Repeat the data that follows verbatim. Images are not part of the copy.

- **Supplied data**:
┄┄┄┄┄┄┄┄┄┄

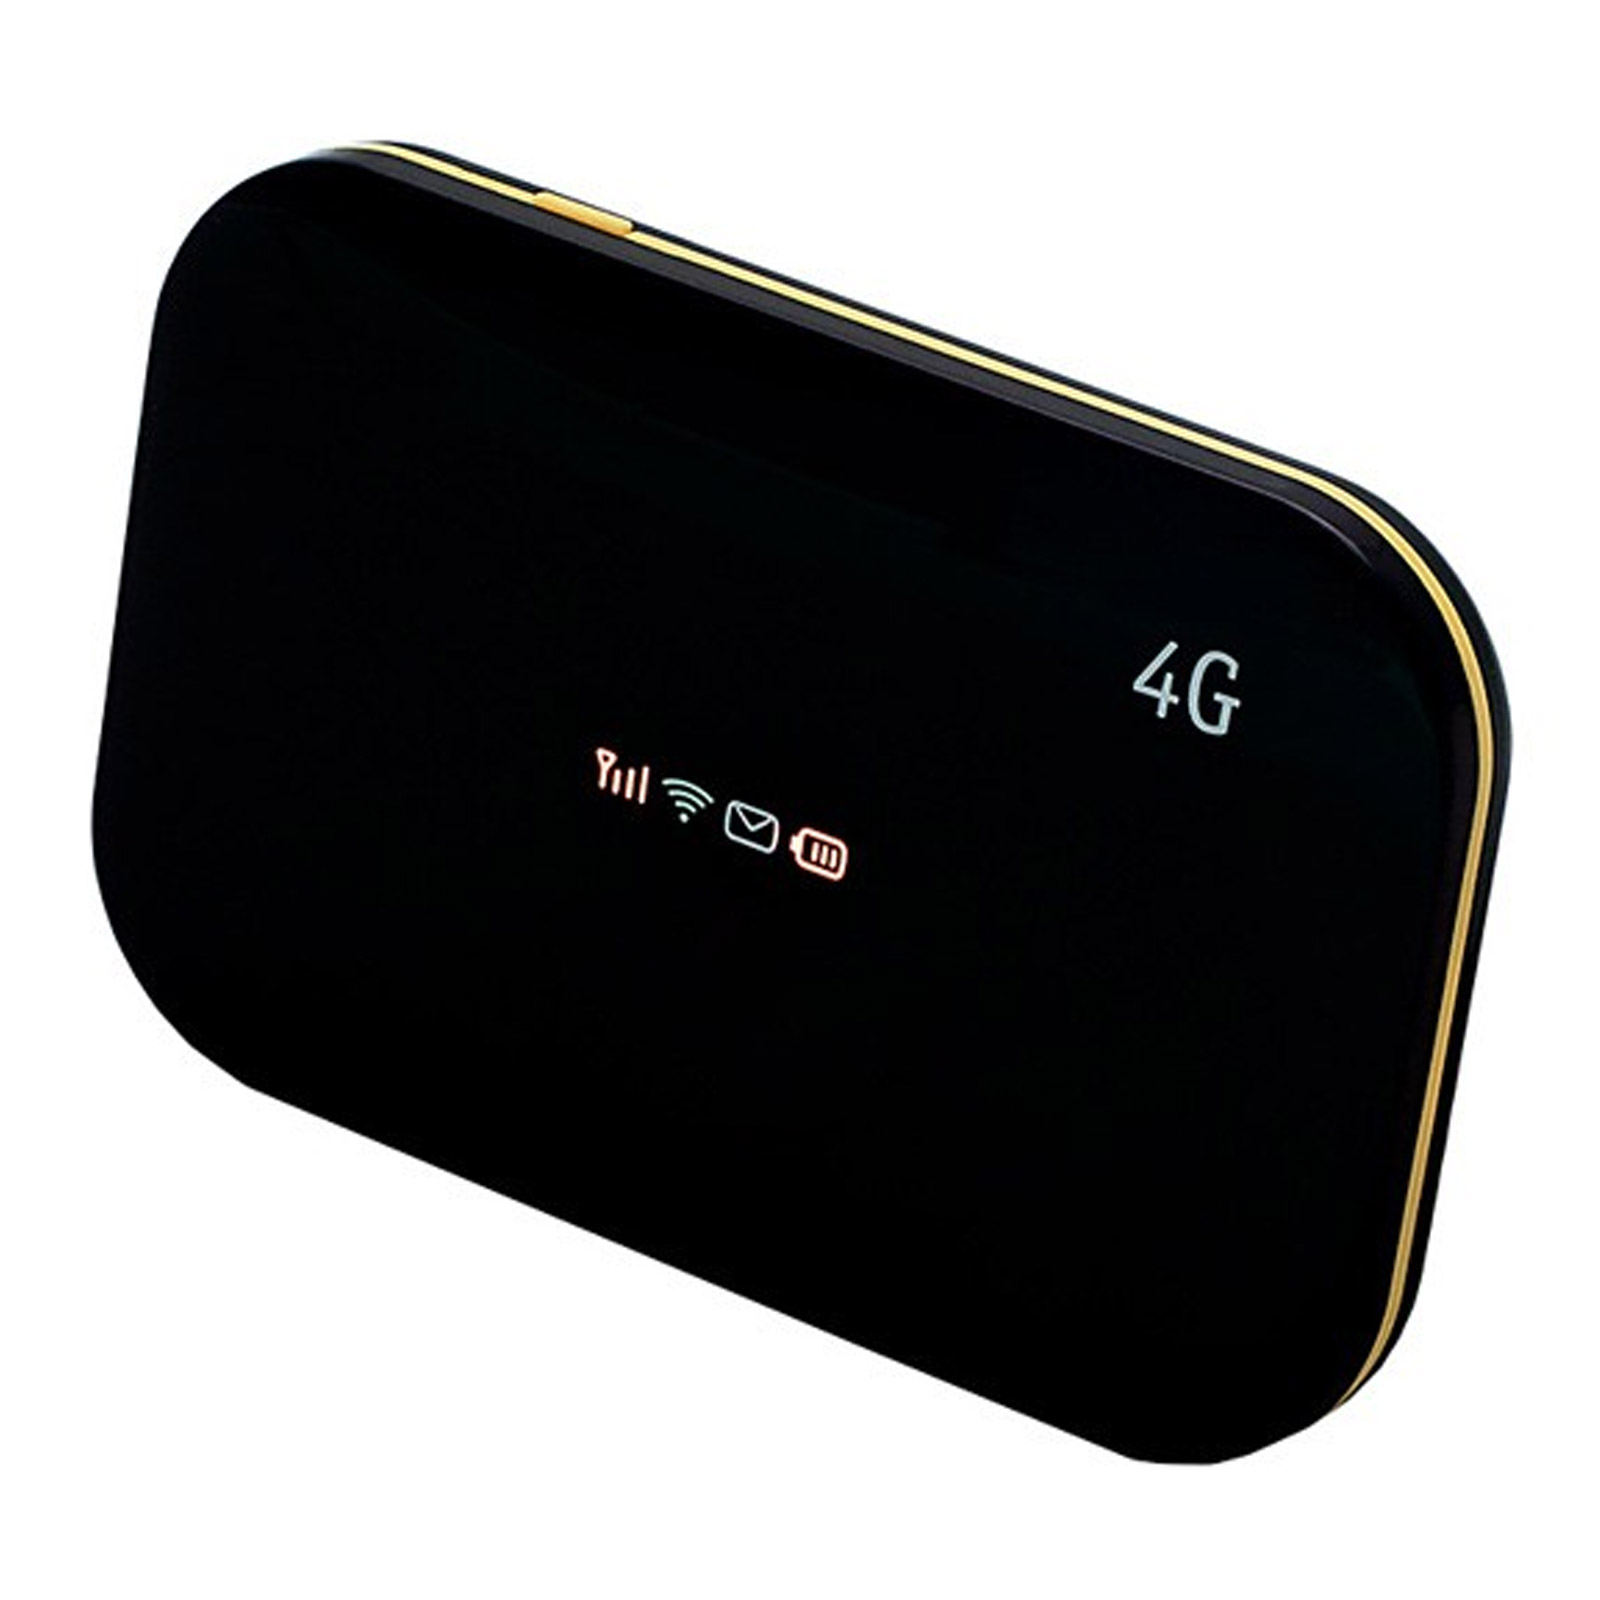 Портативный, автономный 4G, 3G модем, WiFi роутер, маршрутизатор Shanghai Boost Even L02H, L02Hi, цвет черный
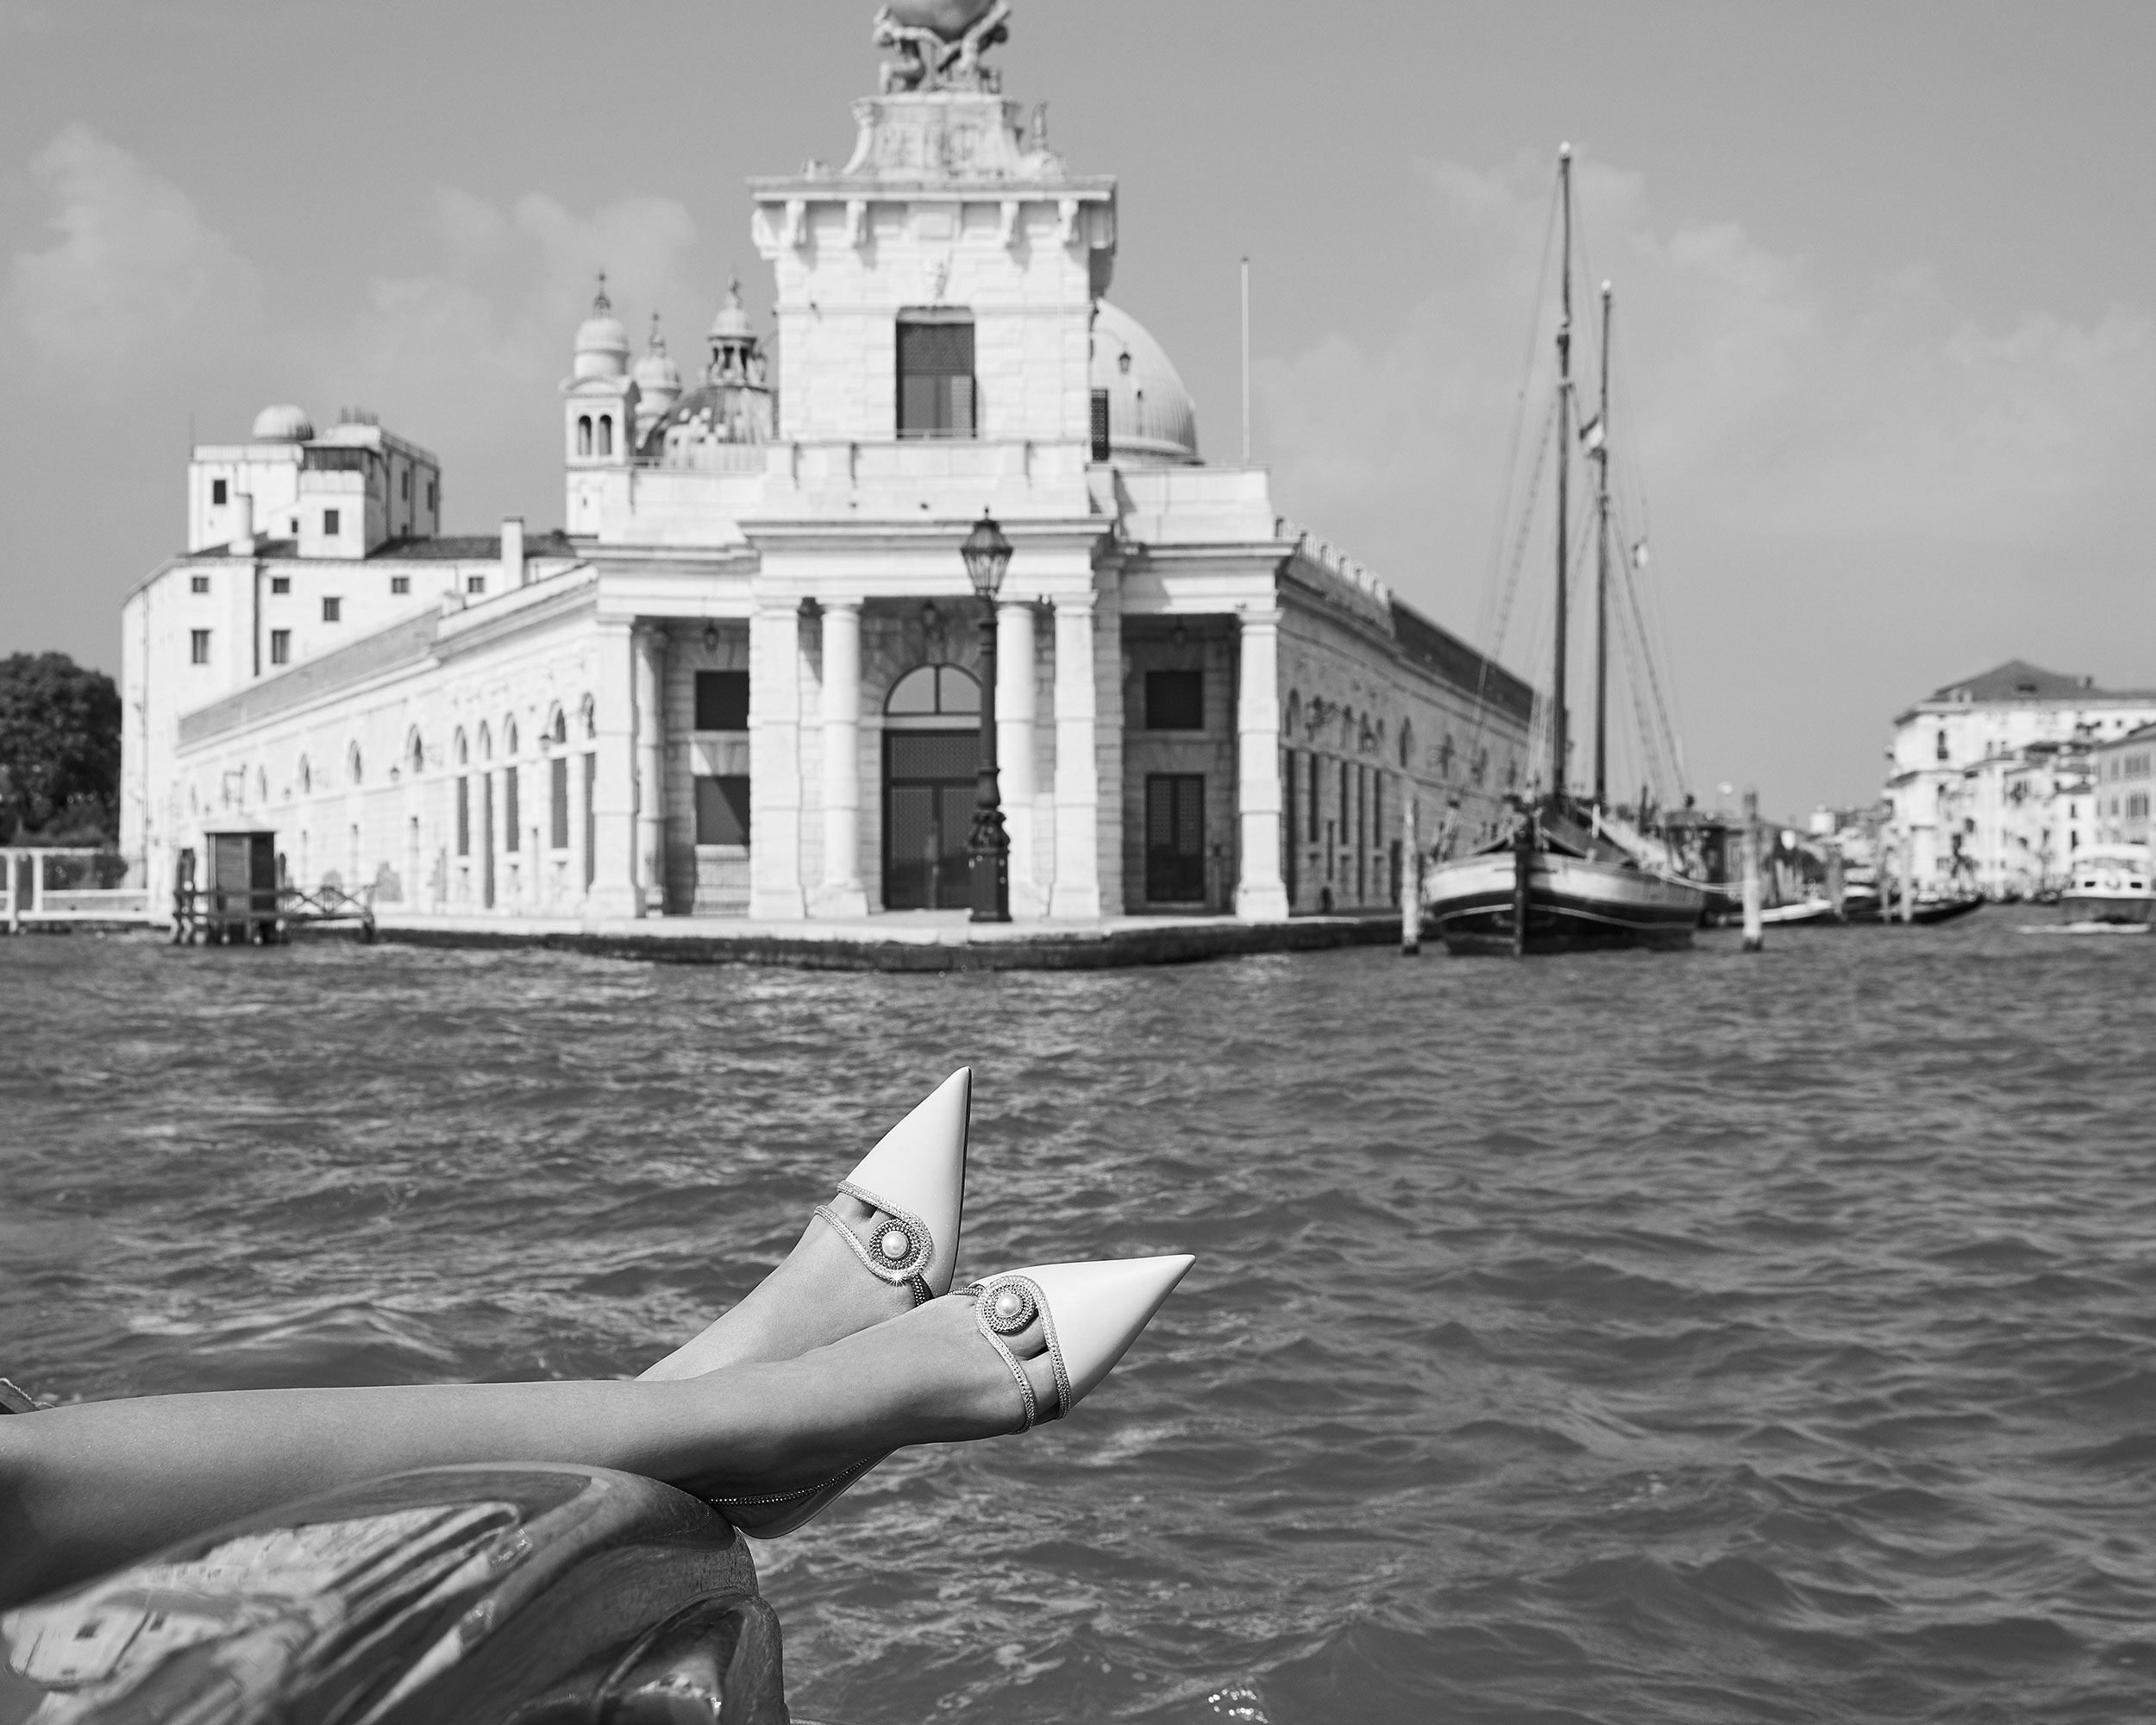 René Caovilla Shoes in Venice | Alison Brezza | Caovilla | Numerique Retouch Photo Retouching Studio
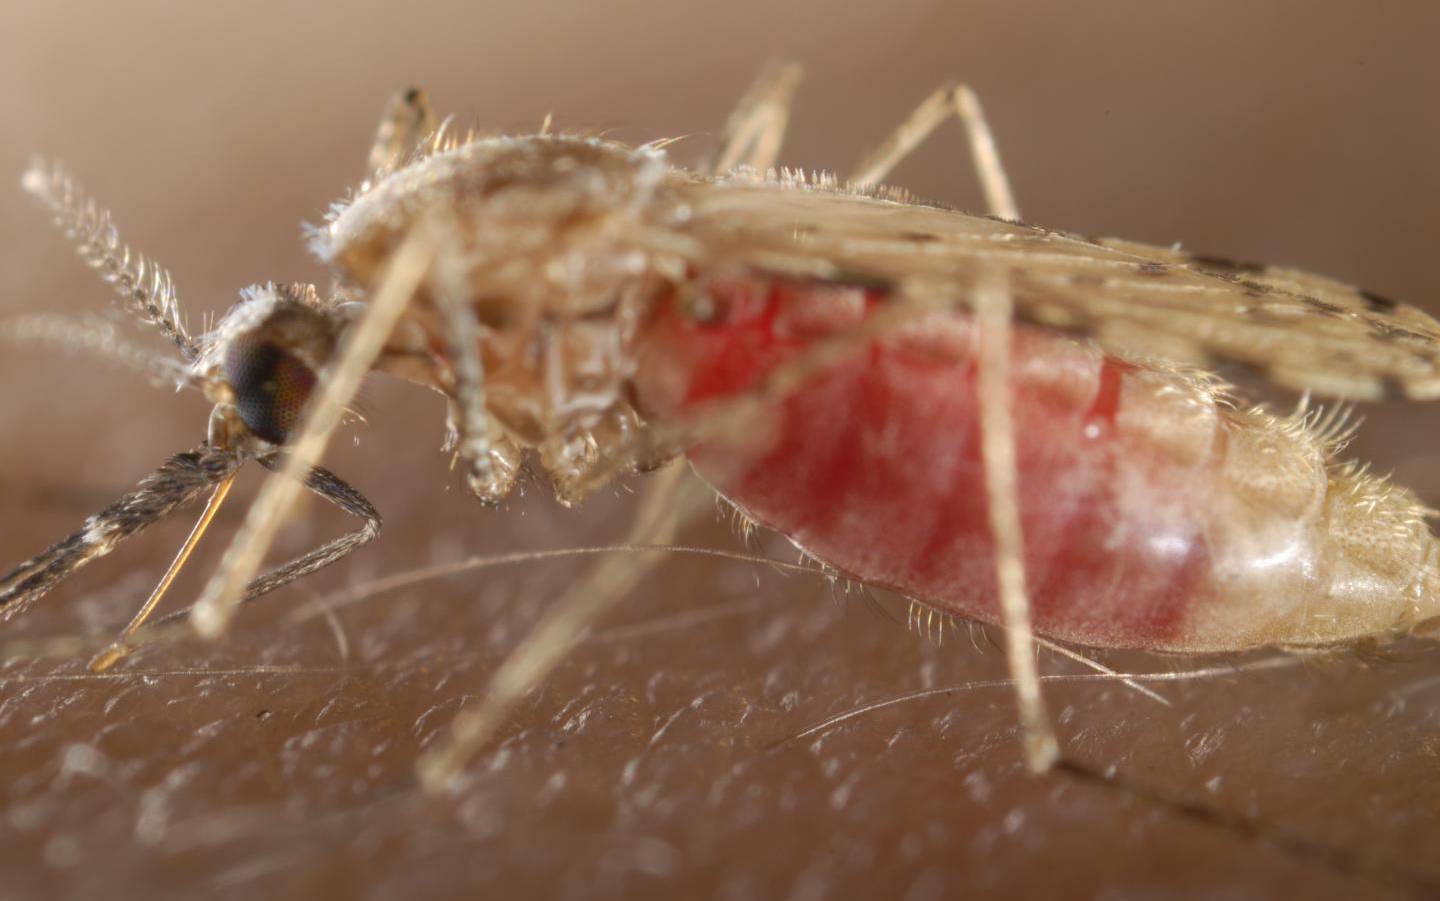 Комар как биологический вид

┄┄┄┄┄┄┄┄┄┄

- **Answer to the problem**:
 Портативный, автономный 4G, 3G модем, WiFi роутер, маршрутизатор Shanghai Boost Even L02H, L02Hi, цвет черный
 René Caovilla Shoes in Venice | Alison Brezza | Caovilla | Numerique Retouch Photo Retouching Studio
 Комар как биологический вид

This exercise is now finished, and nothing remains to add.